Easy fix if you can get access get onto the Web Query Tool go to MA Documents and follow the lead to Scales of issue following it to the various different scales. You will find the basic uniform entitlements for all people of all elements. This will solve it. I cant as I am on leave but once *I am back in Petawawa* in the new year I will again verify something I am quite aware of.

I don't know what SFA means... (Sweet F All I think) Please enlighten me

So what does the OS Sup Tech/Cook/Clerk wear as dress of the day while on his/hers 3 course ? Seeing as that is not a "naval establishment posn" you would see them in CADPAT ? Or some version of the CF dress ? (i.e. Salt and peppers) 

"That's nice, but that's not what we're talking about here; we're talking about purple people who by the Navy's own scale of entitlement were not entitled to an initial issue of NCDs as they were/had never been posted into or working for on a temp task a Naval establishment posn. Besides the fact that we are also discussing the current navy scale - which I guarantee you has changed at least 20 times since 1999 and your given example - and the current NCDs, not the old shrinking crap that we used to have in the dockyard circa 91/92 ... or 99. As a suppie you and I both know full well that how a scale read circa 99 means absolutely SFA as to how that scale reads today - or at least you should ... given your apparent TI."

First Comm Research is a "Purple Trade" I have sailed with them and know they are employed in all other environments. This PO1 was instructing some Comm Rsch course in Kingston hardly a Hard Naval Established Position and was entitled to NCDs. 

And again refer to the WQT which will give you scales, basic or operational or an combination there of for all personnel out there. Basic scales are to be issued, maintained and carried by the member so long as they remain part of that entitled environment. 

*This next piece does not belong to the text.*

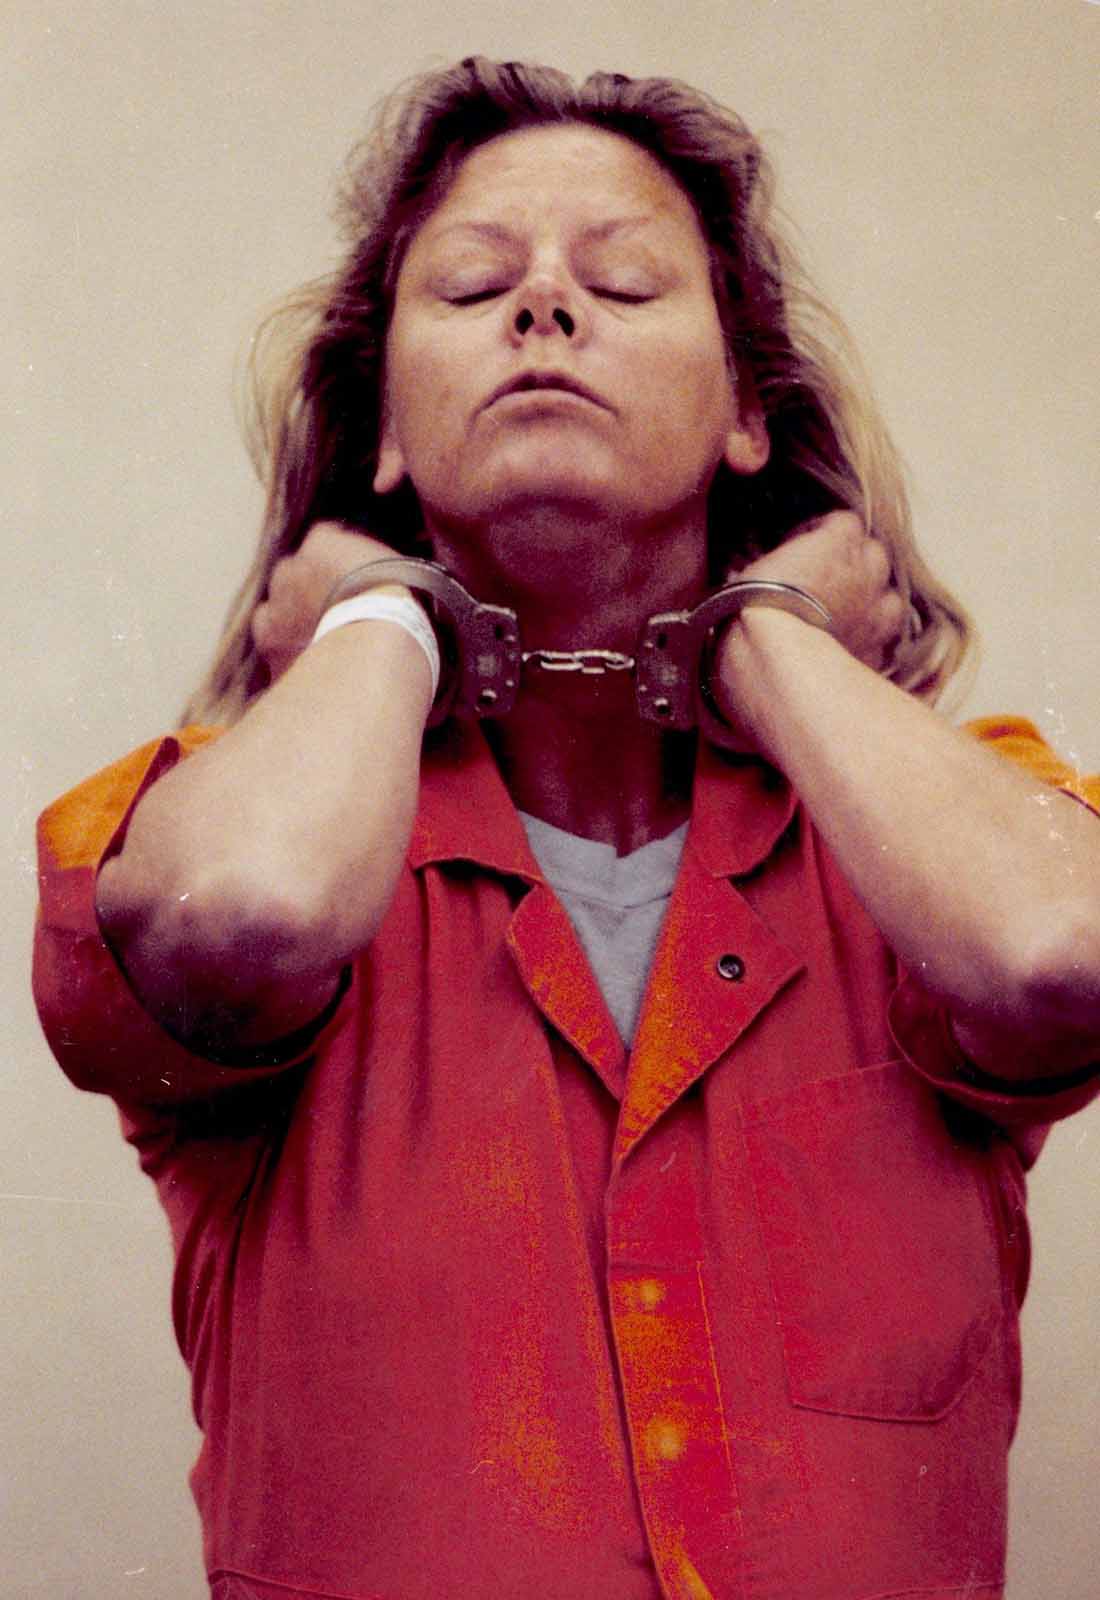 Aileen Wuornos claims the seven murders she committed was in self-defense. Yet she was still given six death penalties. Why?

If you saw my post as "slamming" that's fine but it was just an observation made over this limited window called the internet and I stand buy it. If you disagree good for you, you know you best right ? I know I can still sleep at night not worrying about what is said on Army.ca, i sure hope you can too. 

Who and who's trade did I "slam" ? You could marginally argue I slammed our's but I could just as easily argue the other.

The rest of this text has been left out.